滇南小子提示您:看后求收藏(詩鼎小說網網m.gzstf.cn),接著再看更方便。
鐘意:“呃……”
工作人員a:“是的,一會兒我就開車去鎮上看看能不能買到。您有沒有別的東西需要我帶的?”
好吧,接受他們的道歉。鐘意掃了眼院子里晾曬的羽絨服,正是她昨天丟掉的那件,于是問:“我手機找到了嗎?”
“哦,找到了,但是好像不能用了,深哥把卡取出來放你房間了吧。要不我們一會兒幫您帶個手機回來?”

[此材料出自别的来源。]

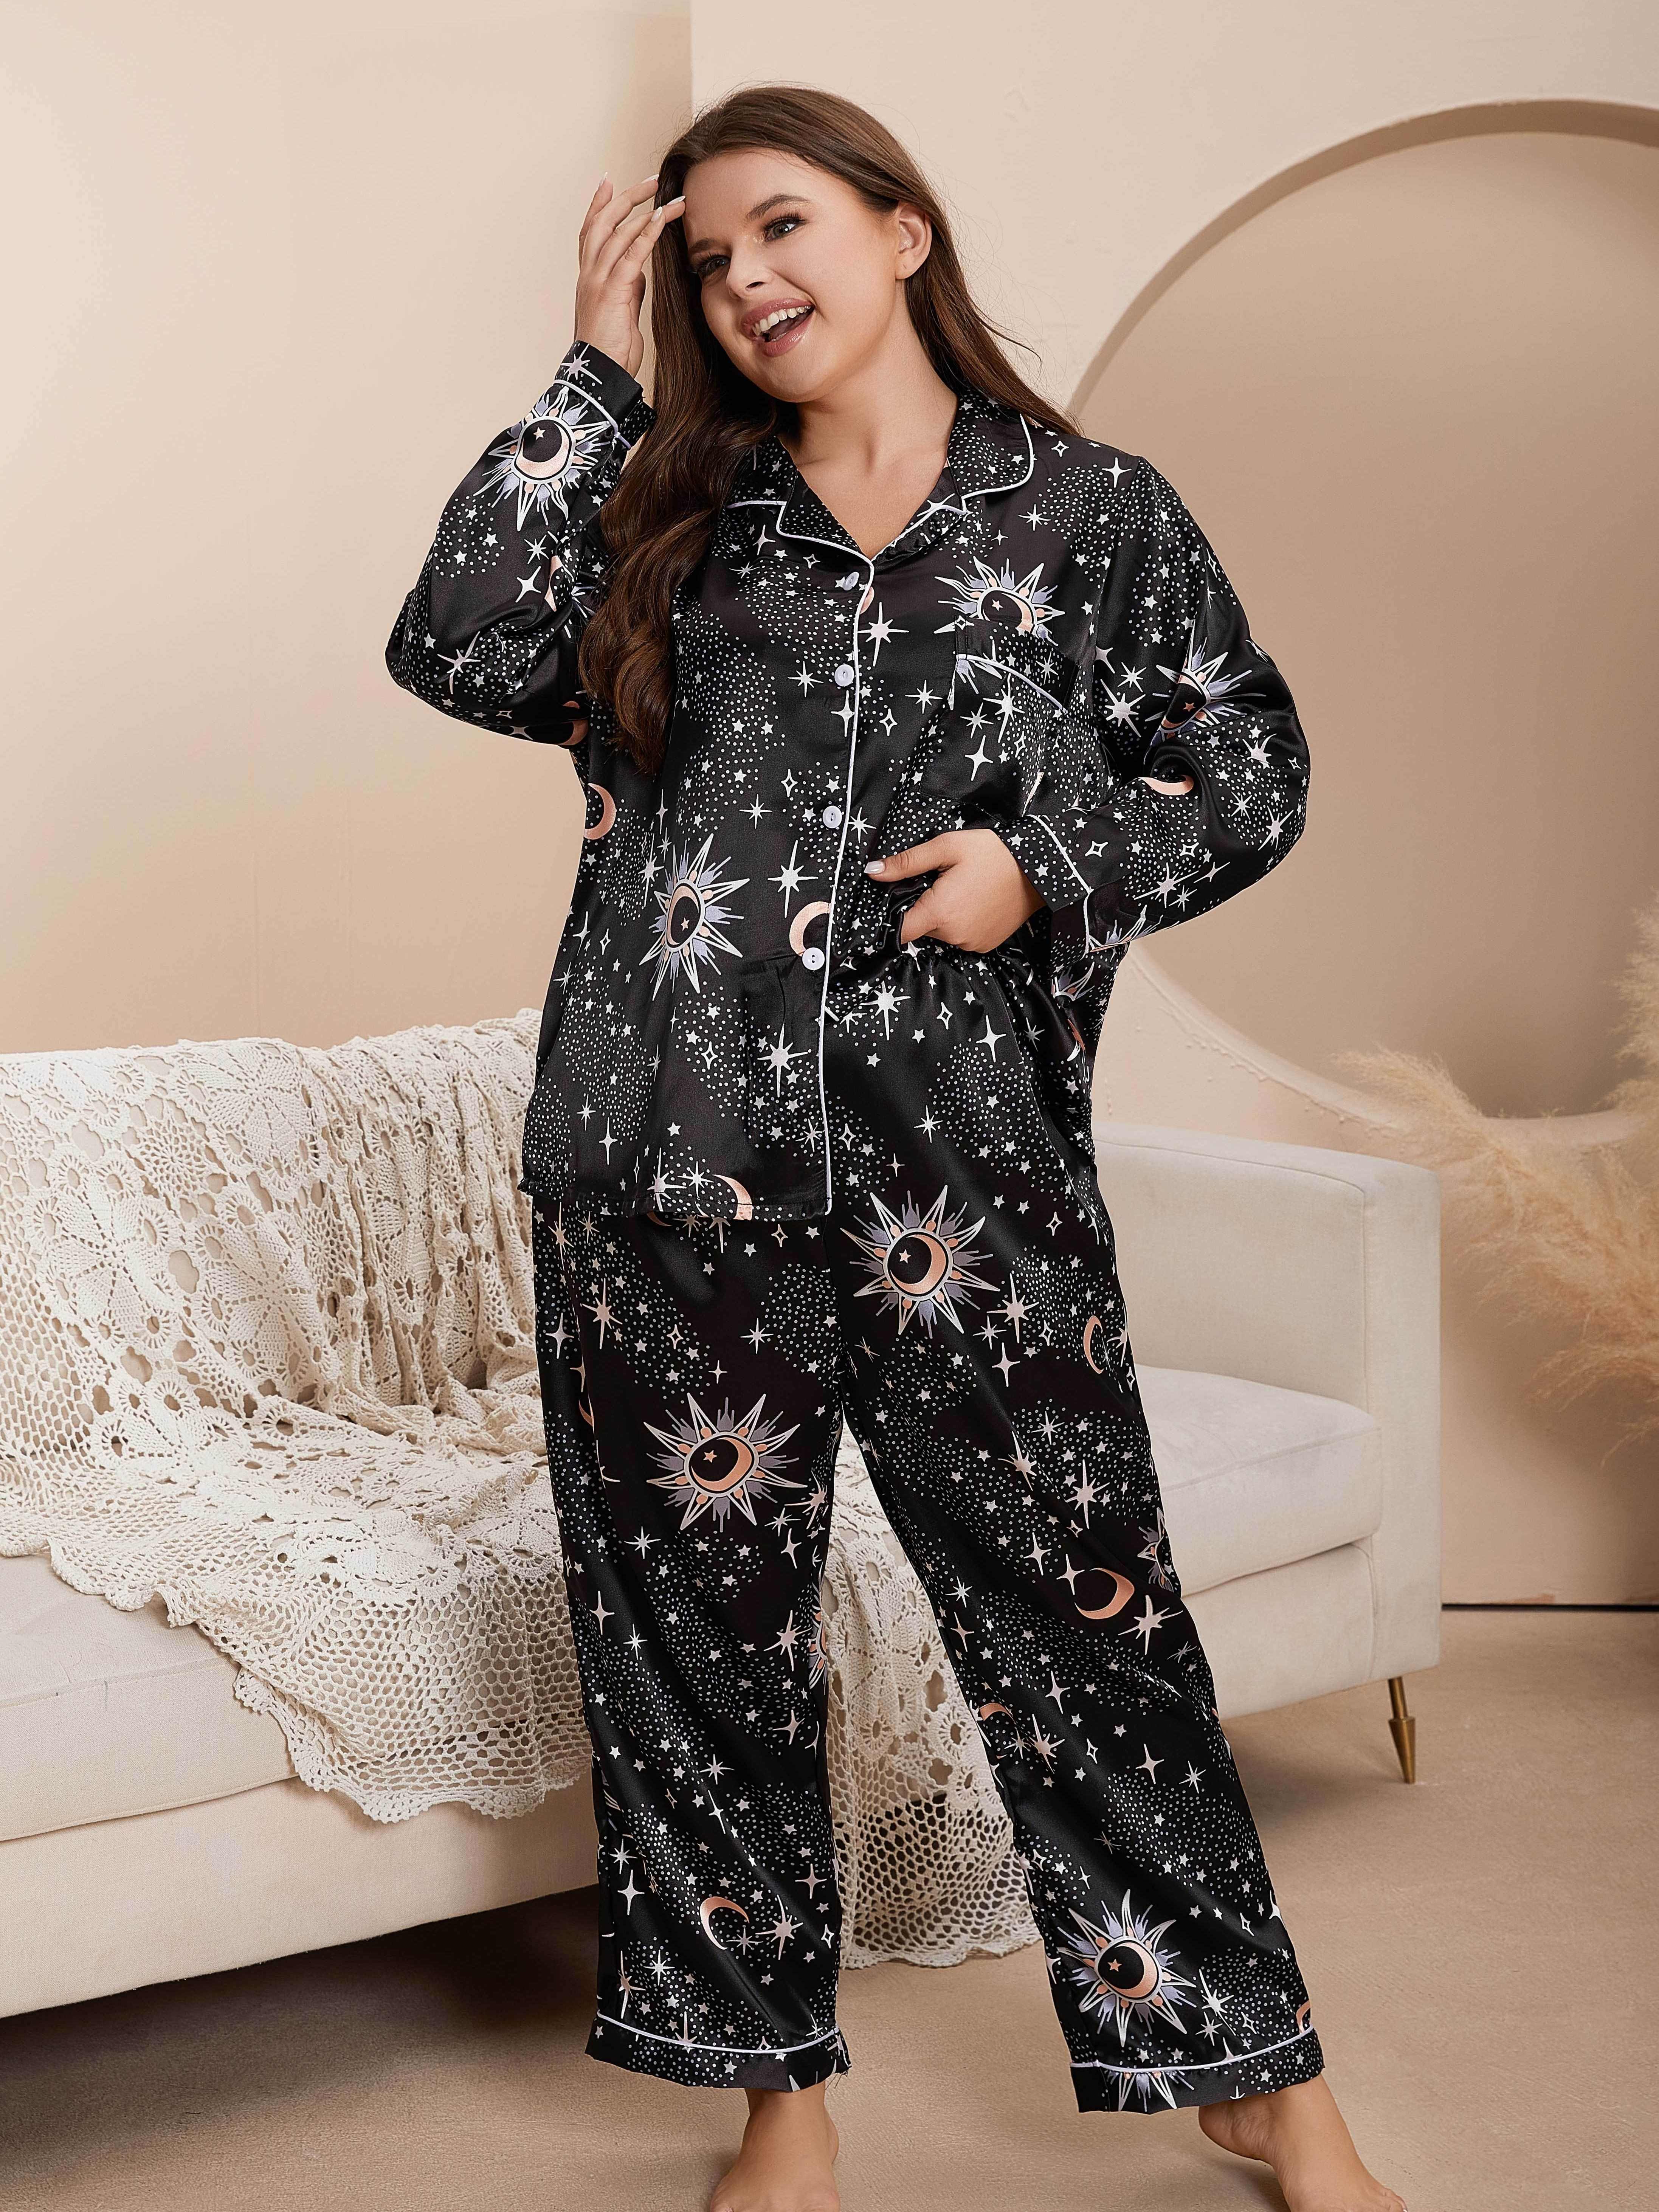 Stars Printed Black Silk Pajamas For Women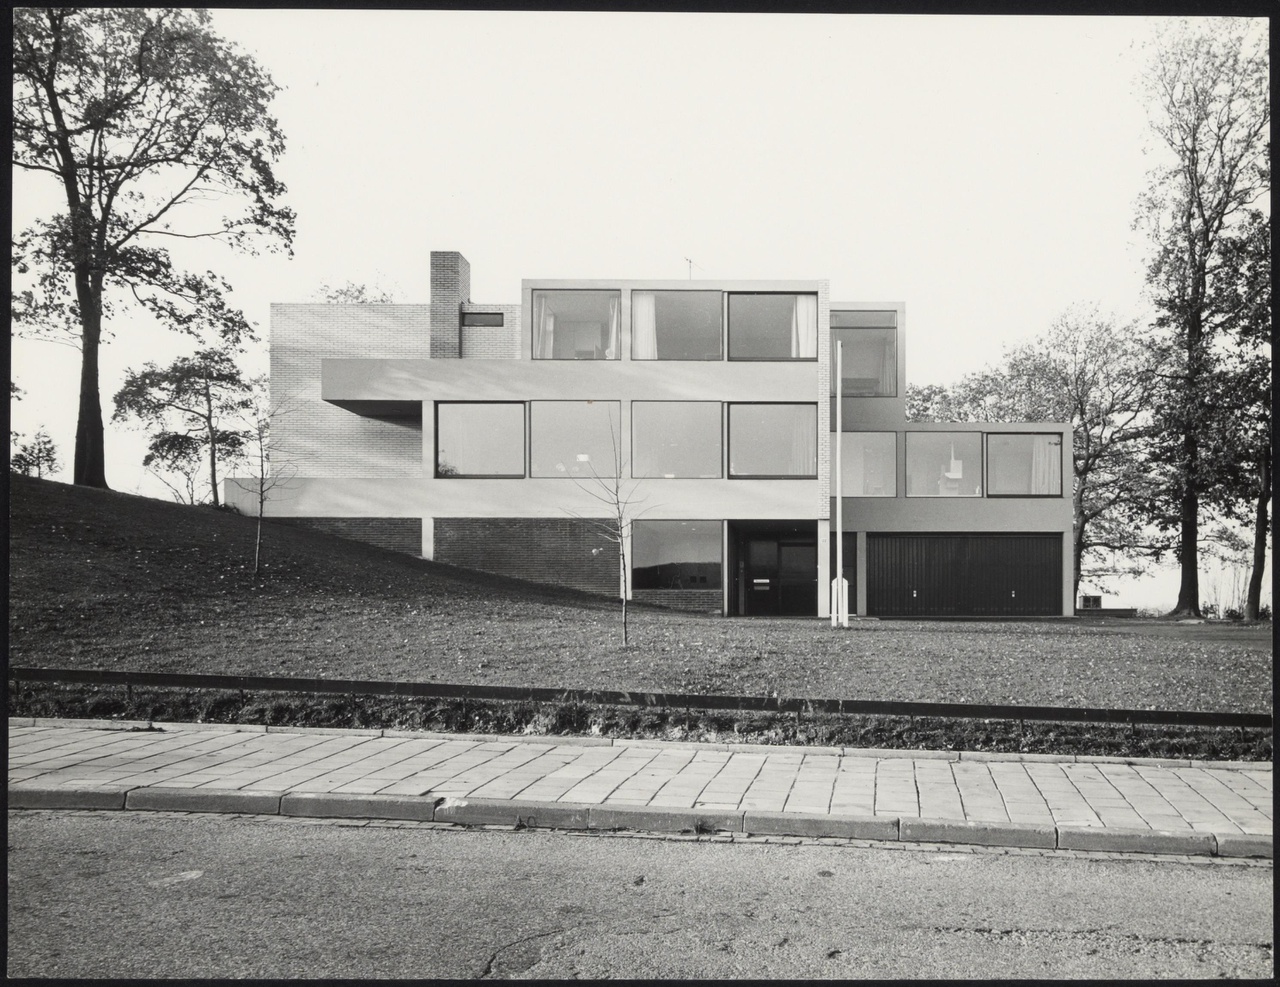 Afbeelding van woning Van Slobbe, Heerlen, 1964, oostkant vanaf de weg

鐘意沒啥特別要求,表示隨便他們買個什么手機都行,四處張望了一圈又問:“深哥呢?剛剛還聽到他聲音來著。”
“哦,深哥給村長拿錢去了。”
鐘意擦著鼻涕問:“什么錢?”
“給村長的好處費啊。昨天不是發動村民找您么,沒那么多錢村長未必那么積極。深哥身上居然真的帶了五萬塊,他說原本是想看看當地有沒有學校,有的話捐給學校的。結果這地方鳥不拉屎,還學個屁的校。”
秦深一向是比較關心失學兒童的,很多人都知道。
“五萬!”鐘意驚了個鼻涕泡出來,說話都不利索了,“他、他給村長五萬?!”
工作人員:“是啊,昨天可沒含糊。當時我們都嚇得不知道怎么辦了,還是深哥沉著冷靜,把事情解決下來。”
好了,現在她欠了秦深四百零五萬……
這五萬塊給得也還算值,昨天要不是聽到動靜,那個混賬臭男人未必會被嚇跑,也許等不到人來救她只能一直跟那男人進行拉鋸戰,然后被凍死在溝里。
鐘意懵逼地聽著,心里頭盤算著,錢的賬好算清,人情的賬這輩子都還不清了。不能說因為她跟老狗親近,這個人情就可以看淡,人要記得感恩才對。講道理,某人幫了這么多回夠她以身相許三次的了。
以身相許……
她為什么會想到這個詞?
懵逼地蹲在樹下畫圈圈,沉默了一陣子,從大門口進來一個人,正是平常教她干活的大姐。大姐跨過門檻的時候表情并不輕快,先瞅了瞅她,欲言又止。估計大姐心里正犯嘀咕,不知道今天的課程要不要教。
“阿嚏——”鐘意從地上站起來,熱情地問大姐吃了沒,拉著大姐一起進廚房去。今天要學的是廚房里一些技巧,天氣特別冷卻還得碰涼水,她心里苦哈哈的。
大姐上下打量她一番,沖她笑:“看你這樣,昨天是沒事兒吧。”
鐘意笑得一臉輕松:“嗐,我這么機靈能有什么事兒啊。”
大姐笑瞇瞇地說“就是”,然后咬咬后槽牙,憤憤道:“莊老四真是的,腦子被驢踢了不是,昨晚上可被你男人打慘了,門牙都打掉了,那個鼻血聽說流了半宿才止住。完了這還不算,村長發話,來年公田里的糧食不分他家了,丟了全村人的臉活該餓死他。妹子你莫委屈,有人替你教訓那混賬了。”
鐘意手一斗,絲瓜瓤掉鍋里去了,愣沒聽明白:“我、我男人?”
大姐笑呵呵:“小秦不是你男人嗎,我瞧他對你可好了。”
哦,原來說的是秦深。他昨晚上把人揍了?
“我都不知道他打人了,咋回事兒啊,我早上起來就沒見著他。”
大姐回憶起昨天晚上,十分感慨:“昨天不是你不見了嘛。找著以后我們都以為沒事兒就回家去了,他非讓村長把人找出來,說你當時砸破了那個人的頭,好找。咱們老村長可是講理的人,就挨家挨戶地幫他找,最后把莊老四揪出來,頭上果然他娘的破了皮。當時我是沒瞧見,聽我男人說,你男人氣得可不輕,上去一拳頭掄圓了揍過去,莊老四當場掉了顆門牙。村長說他活該,愣不讓人管,結果這混賬東西挨了你男人一頓狠打,老大個爺們兒哭著回去的。”
我的個天,秦老狗為她干了場架,怪不得昨天消失了老久……鐘意渾身汗毛都豎起來了,也不知自己怎么回事,真想哭。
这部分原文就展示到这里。